Most patient portals offer similar options, including the ability to send non-urgent email messages, access lab results, schedule appointments, refill prescriptions and view portions of the EMR. The Heart & Vascular Center of Arizona (HVCA) in Phoenix went live in late March with its patient portal and so far, “it has been very successful,” reports Barbara Watkins, administrator for HVCA, two weeks after go-live.

Thus far, patients at HVCA are utilizing the portal to view lab results, ask questions about medication titration and discuss topics such as cholesterol or blood pressure. “In the past, all this communication would have come to our front office, either in person or via the phone. The new portal has established an incredibly efficient process,” she says.

The practice does not bill for phone or online consults. “We really do not provide ‘medical consults’ online or by phone,” Watkins clarifies. They utilize their staff—physicians, nurse practitioners, physician assistants and triage nurses—to contact patients by phone or email to determine if more information is needed regarding their question or to request more information. “We do an immense amount of patient education by phone contact, and now utilize our online resources for that purpose. If the provider feels that the patient requires personal communication, we request the patient schedule an appointment.”

HVCA is located in a “very managed care” environment, Watkins says. Reimbursement for phone or email communication has not been an option for the practice. “I know there are several insurance carriers that state they are now reimbursing for phone and email consultations, but with such a large Medicare population, we have not ventured into that arena,” she says. 

Bronx cheer

Marketing one’s patient portal is crucial. Kaiser and HVCA utilized posters, brochures and index card-type handouts. Kaiser also included promotional material in welcome packets and on its web site. Montefiore Medical Center in Bronx, N.Y., which initiated its pilot portal in 2007, informs patients of the option during visits or phone calls. If patients agree, the practice sends an invitation via email and patients would then sign up, explains Stephen Rosenthal, president and COO for the Care Management Company of Montefiore.

“We initiated this portal because we needed to have as many ways as possible to communicate with patients,” Rosenthal says. “We needed to improve our handling of the ever-increasing patient volumes in the office practice setting, particularly at the front desk.”

One of the challenges for facilities is to recruit a physician champion who can help ease fears that the change will result in more work. Early believers at Montefiore experienced a dramatic reduction in the time it took to answer patient inquiries. “One physician, for example, typically needed 30 to 45 minutes to return half a dozen phone calls in the morning. Using email, this task took no longer than 15 minutes, and it leaves an electronic audit trail,” Rosenthal says.

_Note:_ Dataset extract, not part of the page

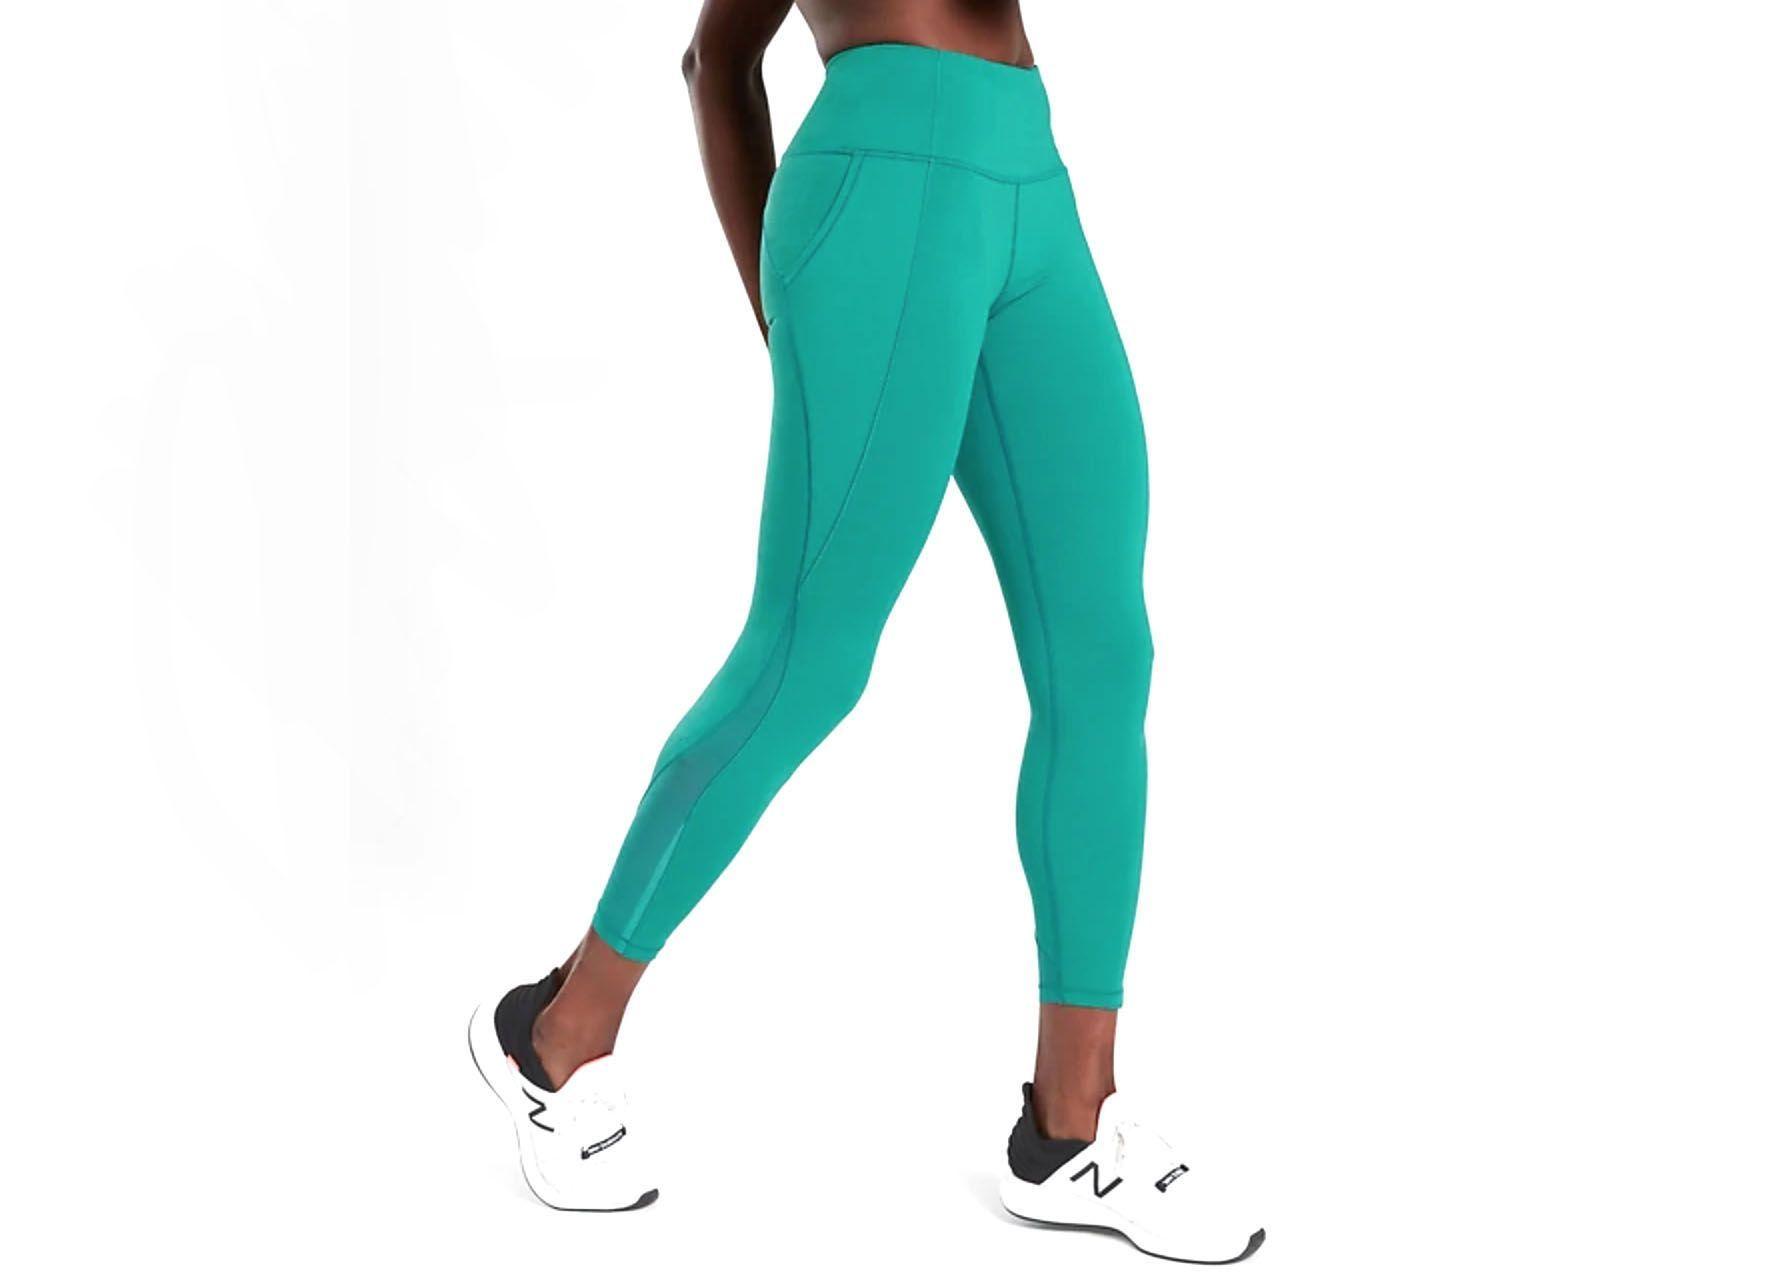 60c78f5eb7a Best Running Leggings - Workout Pants 2019

To ease similar concerns, Kaiser allowed its physicians to choose to inform patients selectively, so they could control the pace of email inquiries. Interestingly, physicians at the VA Loma Linda Healthcare System in Loma Linda, Calif., chose on their own to selectively introduce the email option to patients, “which may have limited patient adoption” (J Am Med Inform Assoc 2009;16:267-270).

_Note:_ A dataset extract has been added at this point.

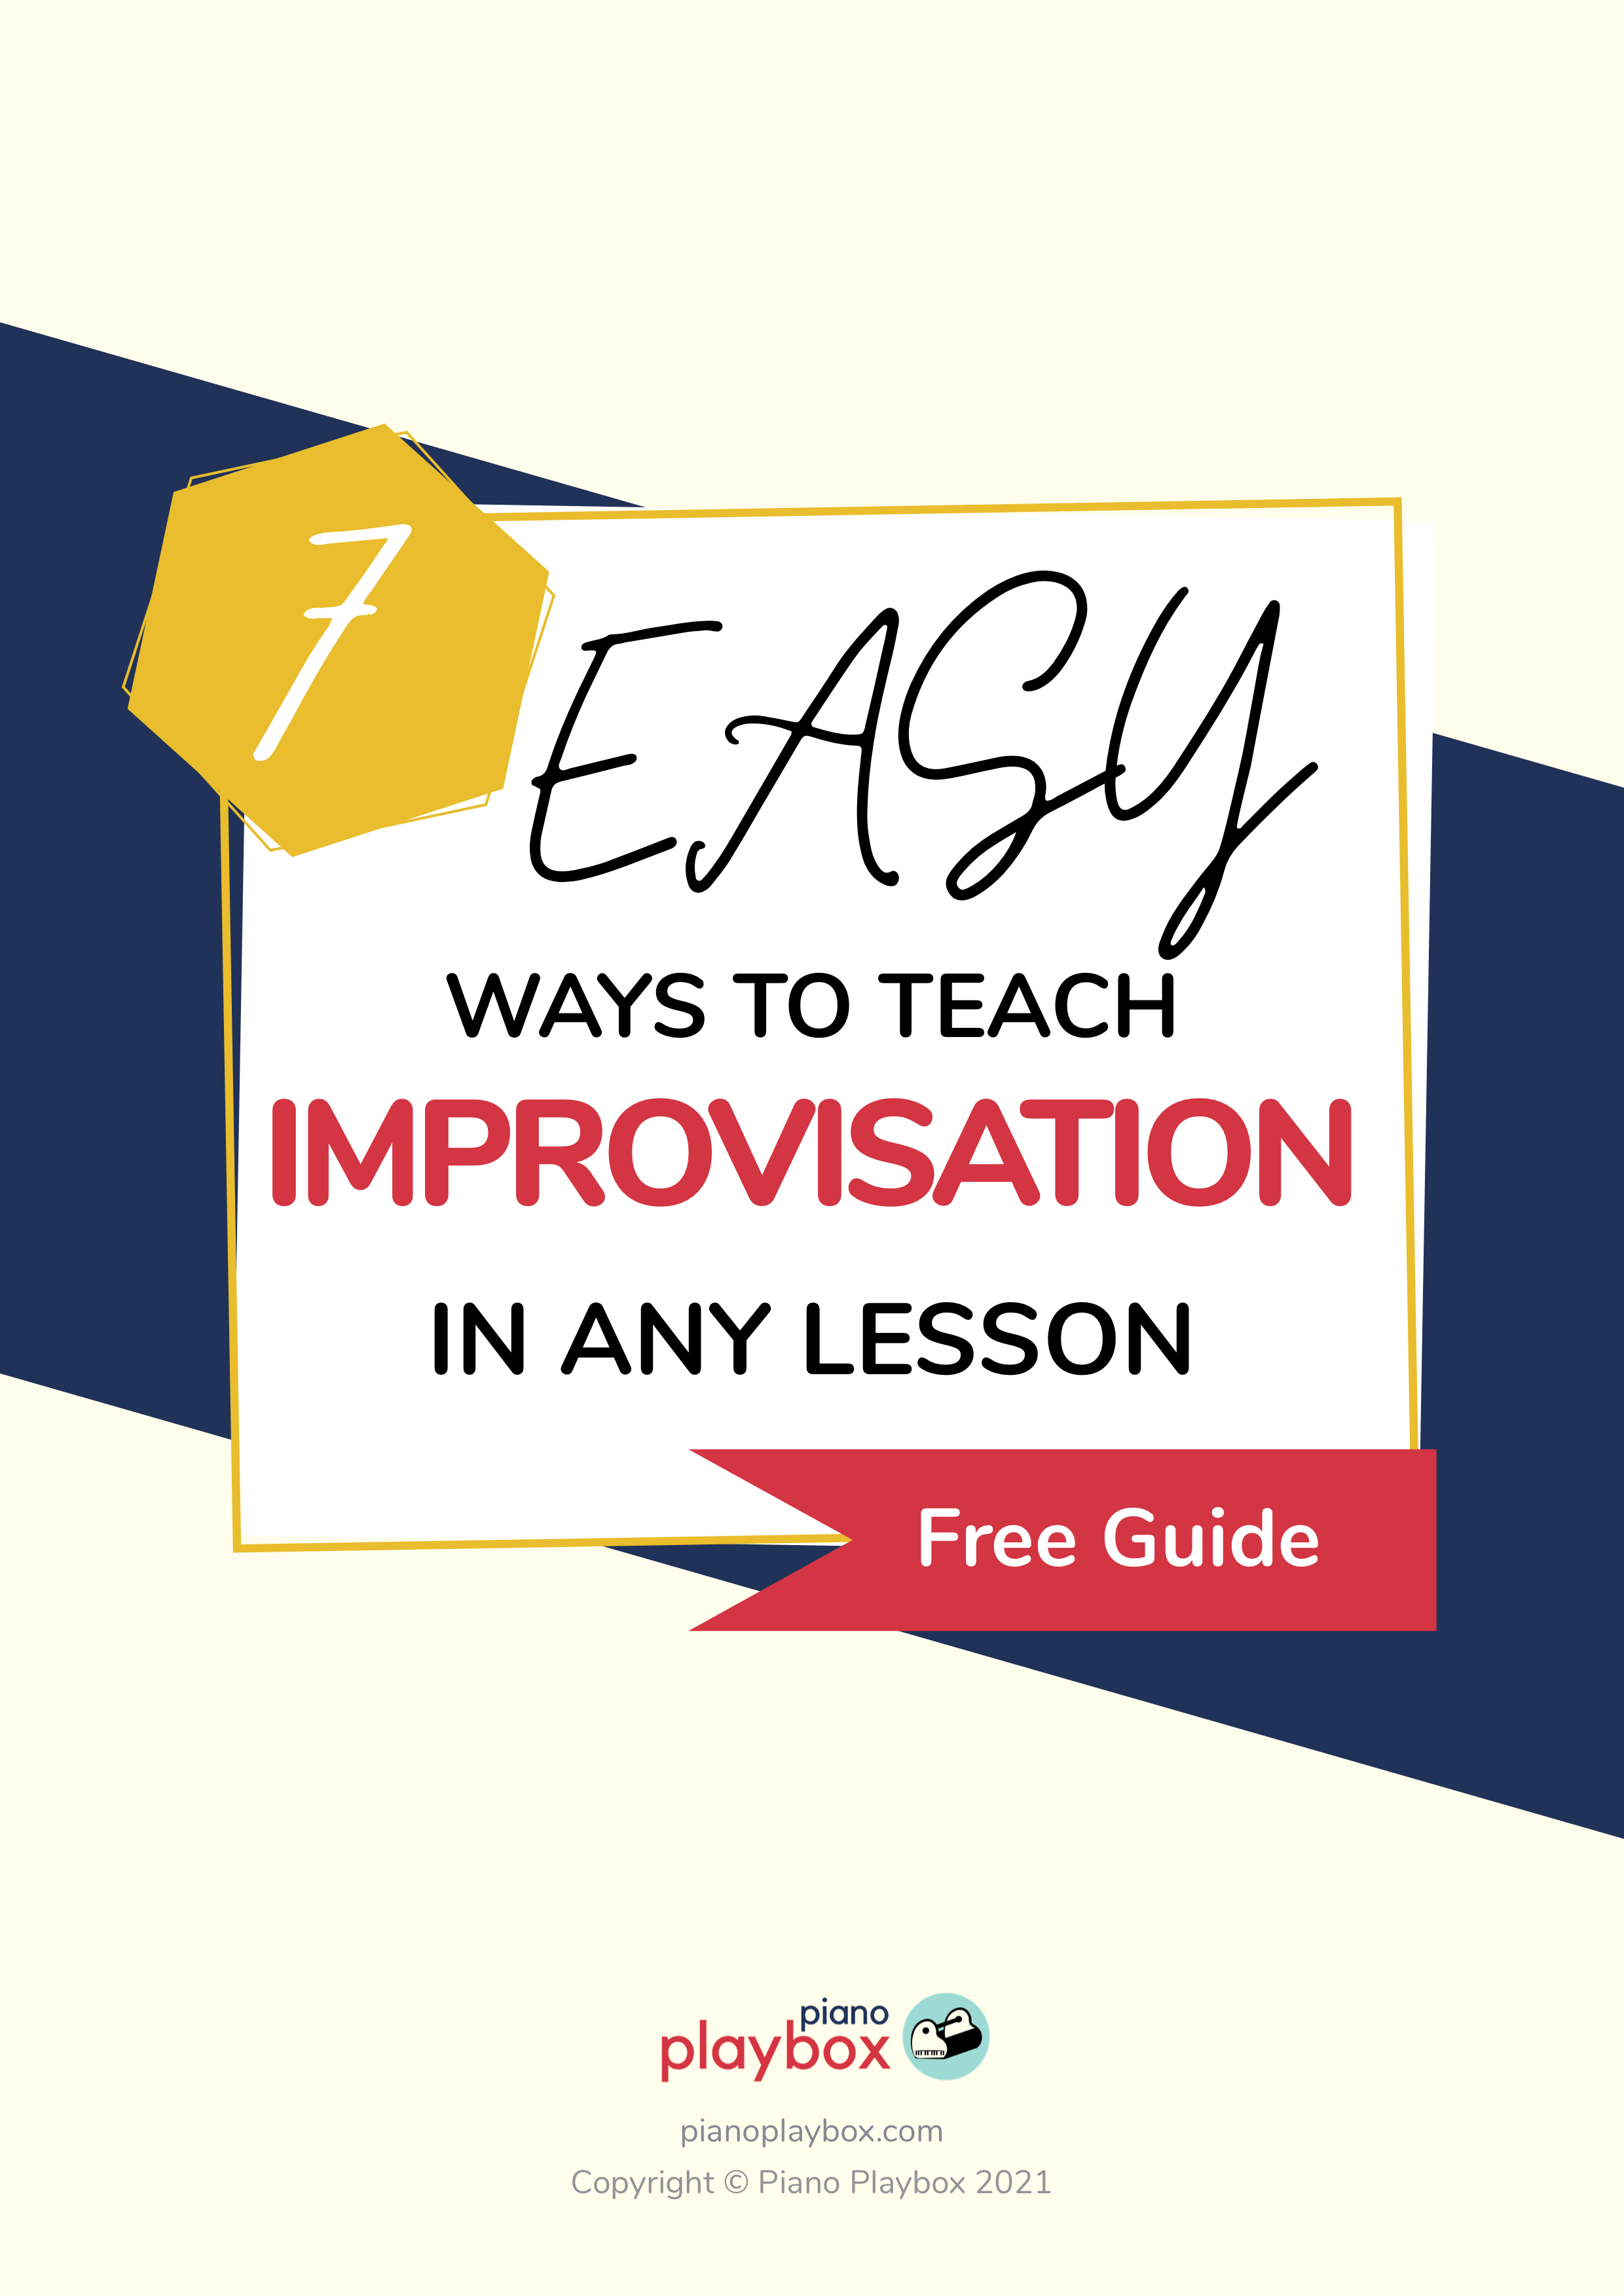 How to teach improvisation to kids

As more practices adopt EMRs, initiating patient portals should be easier as the two electronic systems complement each other. When HVCA installed its EMR, it wanted to immediately implement the patient portal, but decided to wait until it understood and fully utilized all the EMR functions. The practice customized templates and physicians and staff got comfortable with the EMR. A year later when the patient portal went live, it wasn’t a culture shock. The preparation period also gives practices time to market the portal to patients.